A pair of agents from the Office of Scientific Investigation (OSI) are sent to investigate a local appliance store where all of the clocks have stopped at the same time and metal items in the store have been magnetized. The source of this is traced to an office located directly above the store, where scientific equipment is found, along with a dead body. There are also signs of radioactivity, but the cause of the difficulties itself is clearly no longer in the room, or the immediate area.
Investigation and request for citizen input eventually lead to an airborne flight carrying a scientist, who has developed signs of radiation sickness related to something in a heavy briefcase he carries and clutches irrationally. Before dying, he confesses to have developed an artificial radioactive isotope, serranium, which was bombarded with alpha particles for more than eight days. Unfortunately, his so-far microscopic creation has taken on a life of its own, literally: it must absorb energy from its surroundings once a day, and in the process doubles its size each time.

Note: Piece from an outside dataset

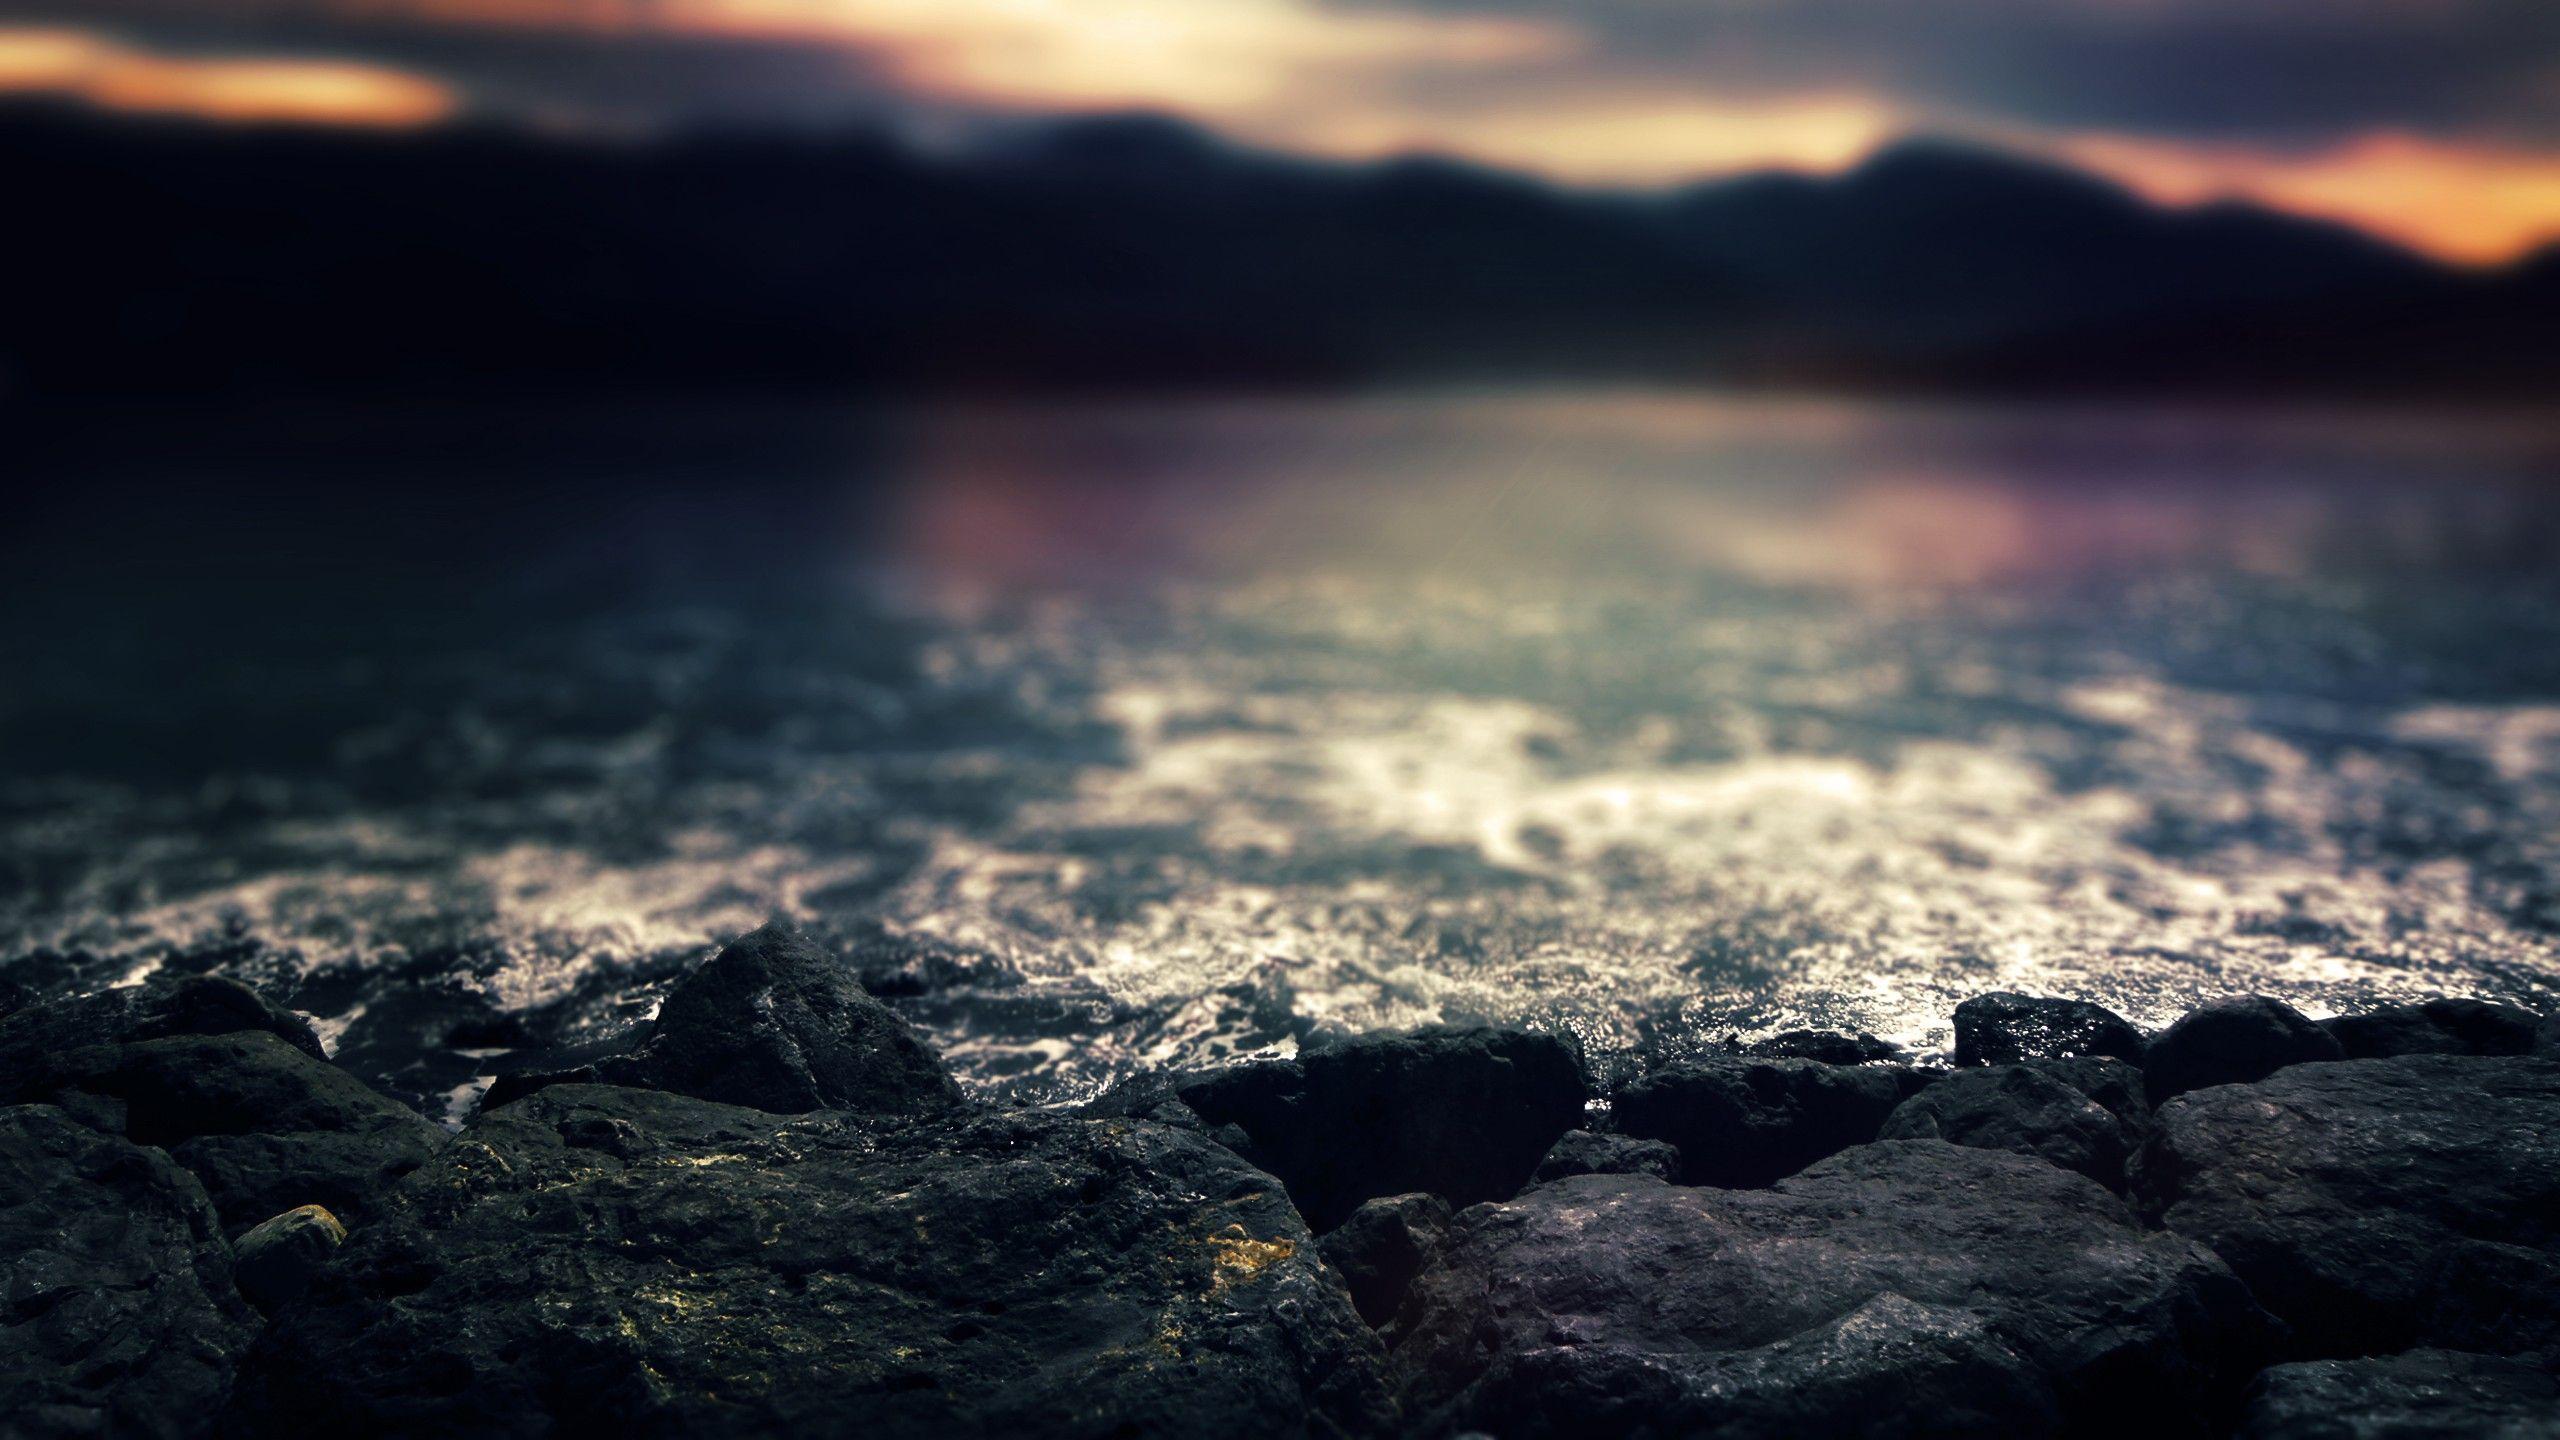 stone background image

The OSI officials realize that, with its rate of growth, it will be a matter of only days before it becomes large enough to affect the Earth's rotation on its axis and spin it out of orbit. They also discover that the isotope is impervious to any known means of destroying it or even rendering it inert. The only answer appears to be to use a Canadian experimental power generator being constructed in a cavern under the ocean, with the hopes of bombarding the element with so much energy in one surge that it neutralizes itself with its own "gluttony".

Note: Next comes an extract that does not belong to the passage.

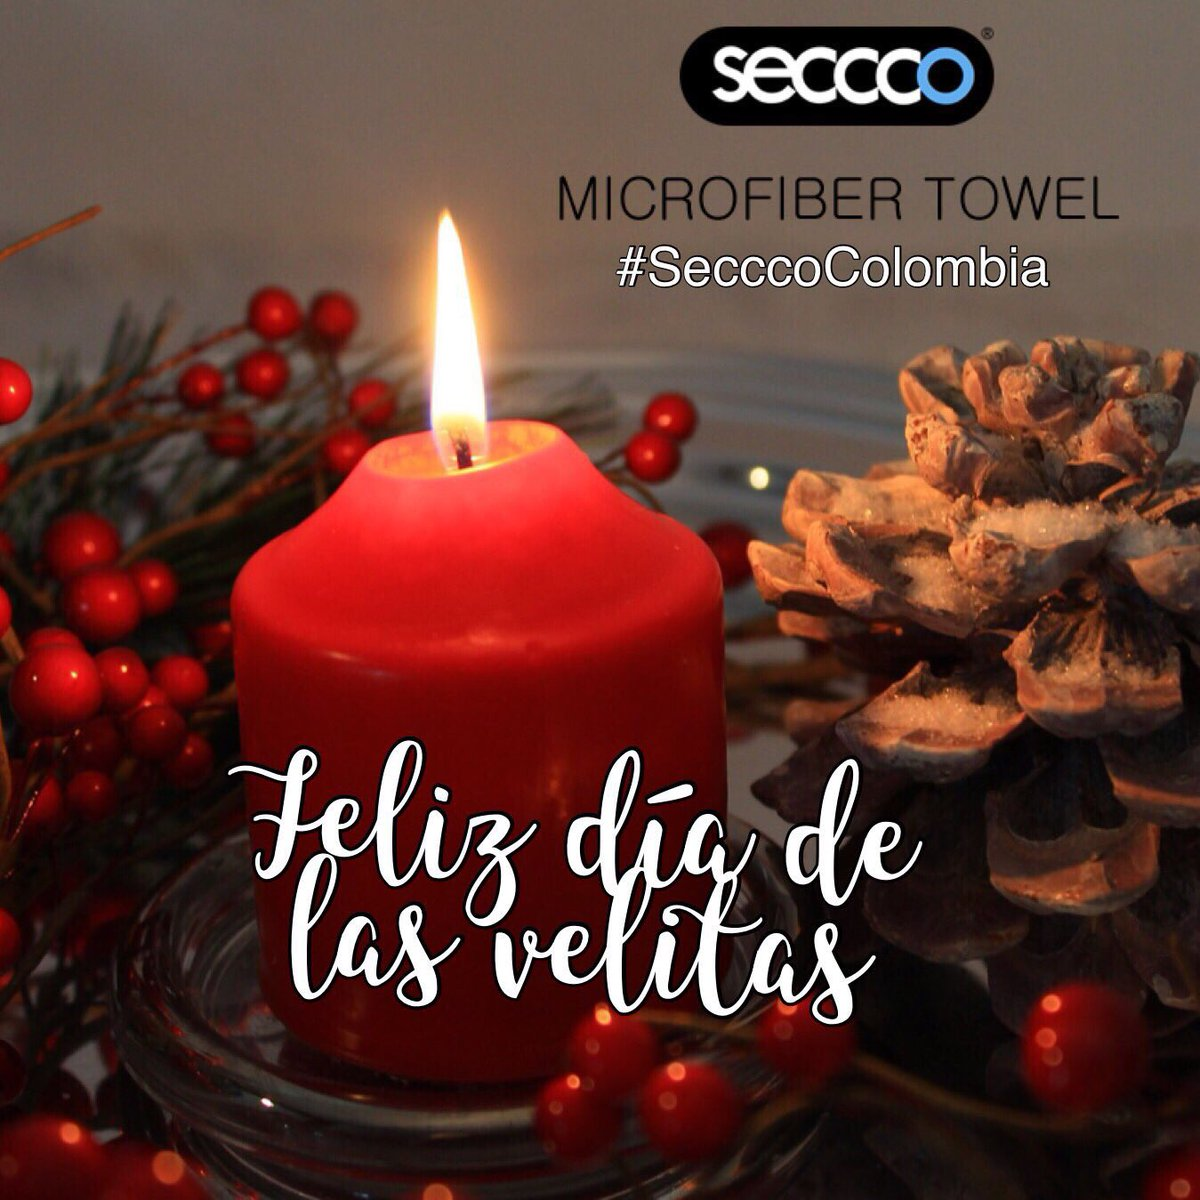 Una #velita encendida por cada #sueño #FelizDíaDeLasVelitas #Colombia  #SecccoColombia te acompaña  #FelizJueves https://t.co/AQ12vFz7Tj

The two governments agree on this proposal, and the isotope is transferred to the project, dubbed the Deltatron, but there is a last minute objection from the engineer in charge of the project. With no time to lose, the lead OSI agent commandeers the machine and barely escapes risking his own life to activate it before sealing the cavern-filling, multi-story device off from the rest of the underground operation, which is filled with project workers. The isotope is successfully stopped, as evidenced by the disappearance of the trace magnetism which it has produced following every energy absorption, although the Deltatron is also destroyed in the process.